Калвер не прерывал его и почти не слушал – он опять засыпал. О'Лири был сверхсрочник, "старик" (хотя летами лишь немного старше Калвера), и только недавно записался еще на четыре года; не любить его было нельзя. На Гвадалканале он был совсем еще юнцом, но за прошедшие годы морская пехота сформировала его по своему образу и подобию, и он, наверно, не противился – он прирос, прижился к ней, как приживается пересаженная хирургом ткань руки или ноги. Он был сердечным человеком, добрым и в то же время – ревностным и опытным служакой. Он мог саркастически заметить: "Нашему-то никак вожжа под хвост попала", а потом пожать плечами и ухмыльнуться, выражая этим безразличным жестом то, что укладывается в голове только у профессионального солдата: "Конечно, я малость сомневаюсь в его решениях, но выполнять все буду охотно". И так же, как Хоббсу, ему многое сходило с рук. Калвер вспомнил прошлый вечер, когда полковник объявил о предстоящем завтра ночном броске, в котором они должны за тринадцать часов покрыть пятьдесят восемь километров – расстояние от теперешнего лагеря до главной базы. О'Лири свистнул – громко, протяжно, недоверчиво, прямо в лицо полковнику – и в ответ получил лишь снисходительную улыбку; и в той же самой затемненной палатке, буквально через несколько мгновений, когда Маникс пробормотал: "Господи помилуй, пятьдесят восемь километров", и в голосе его было не больше горечи и недоверия, чем в свисте О'Лири, улыбка сошла с тонкого лица полковника и сменилась тенью легкого, сдержанного раздражения.
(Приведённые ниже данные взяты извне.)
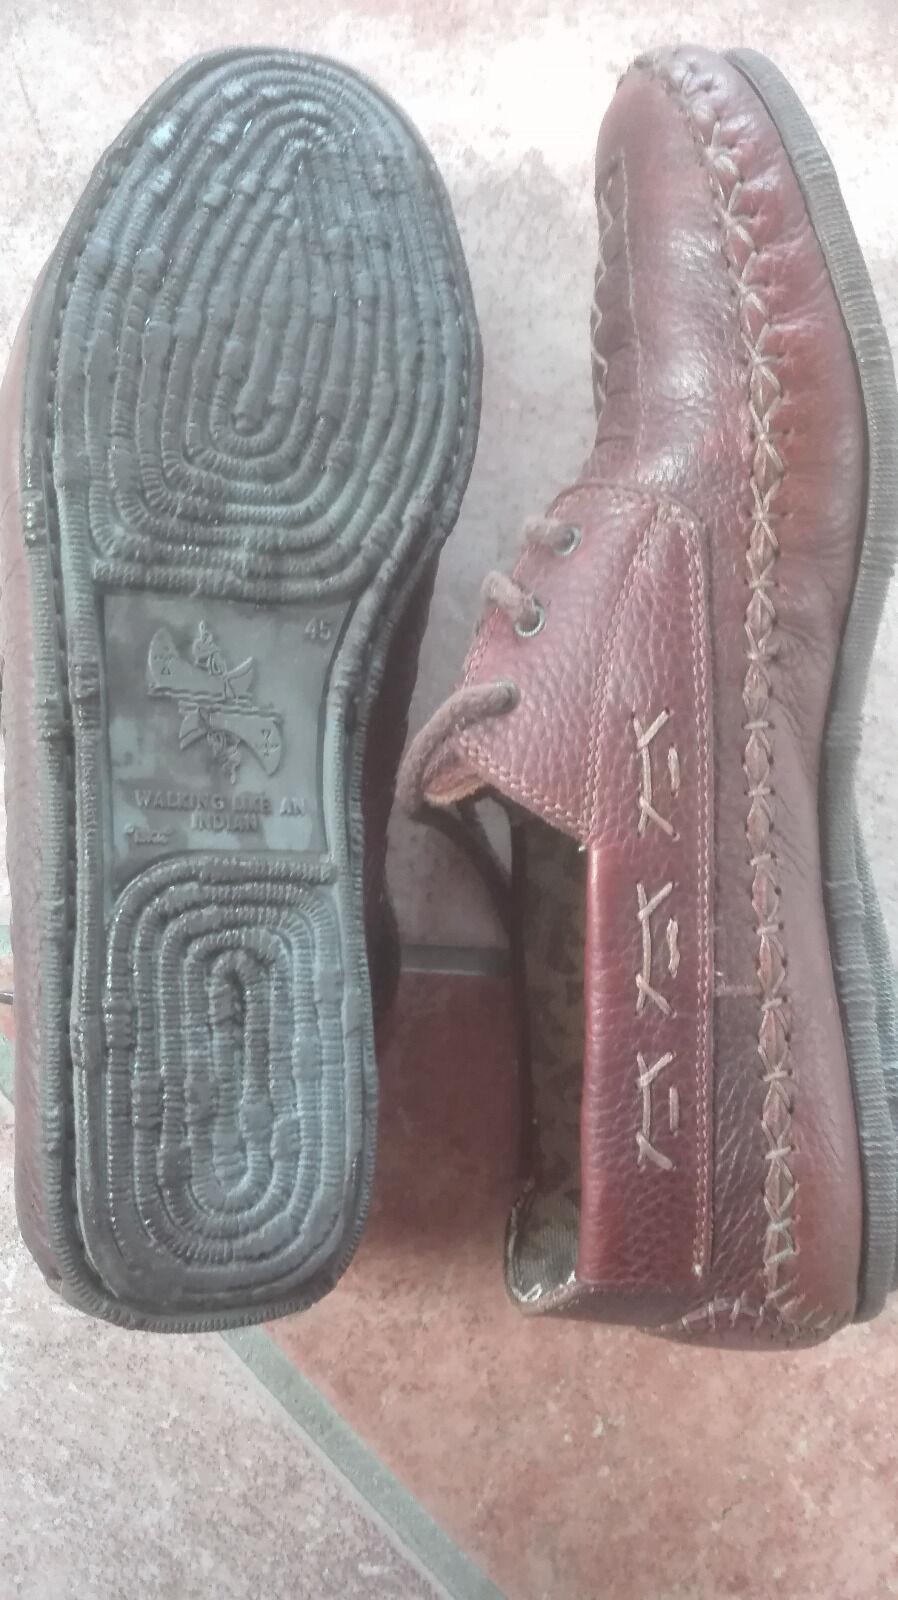 Haugh Leder-Schuhe- Gr. Mokassins Gr. Leder-Schuhe- 45 braun neuwertig 95b683

– Вы находите, что это слишком много? – спросил полковник, слегка повернувшись к Маниксу. В его словах не слышалось ни враждебности, ни даже укора, а лишь прямой вопрос – быть может, потому, что в палатке находились двое нижних чинов: О'Лири и какой-то сморщенный безликий солдатик, трясшийся возле рации. Лето было в разгаре, но по ночам на болотах стояли свирепые необъяснимые холода, и в палатке, где они сидели тем вечером – на клочке раскисшей, топкой земли, – казалось, что сырость клубится вокруг, обволакивая их, пронизывая до костей, и никакие свитера, куртки, шерстяные рубашки ей не преграда. Палатку освещала калильная лампа, висевшая над головой; она ревела, как закупоренный в банке маленький керосиновый ураган, но тепла от нее было как от свечки. В ее мрачном, мертвенном, окоченелом свете – такой бывает, наверно, в камере пыток – потупленное лицо полковника, безучастно ожидавшего, что ответит Маникс, выглядело таким же меловым, холодно-правильным, отчужденным, как лицо манекена в ночной витрине.

– Нет, сэр, – сказал Маникс. Он быстро пришел в себя. Он сидел на складном стуле, спокойно глядя на полковника. – Нет, сэр, – повторил он, – я не нахожу, что это слишком много, но переход все же будет порядочный.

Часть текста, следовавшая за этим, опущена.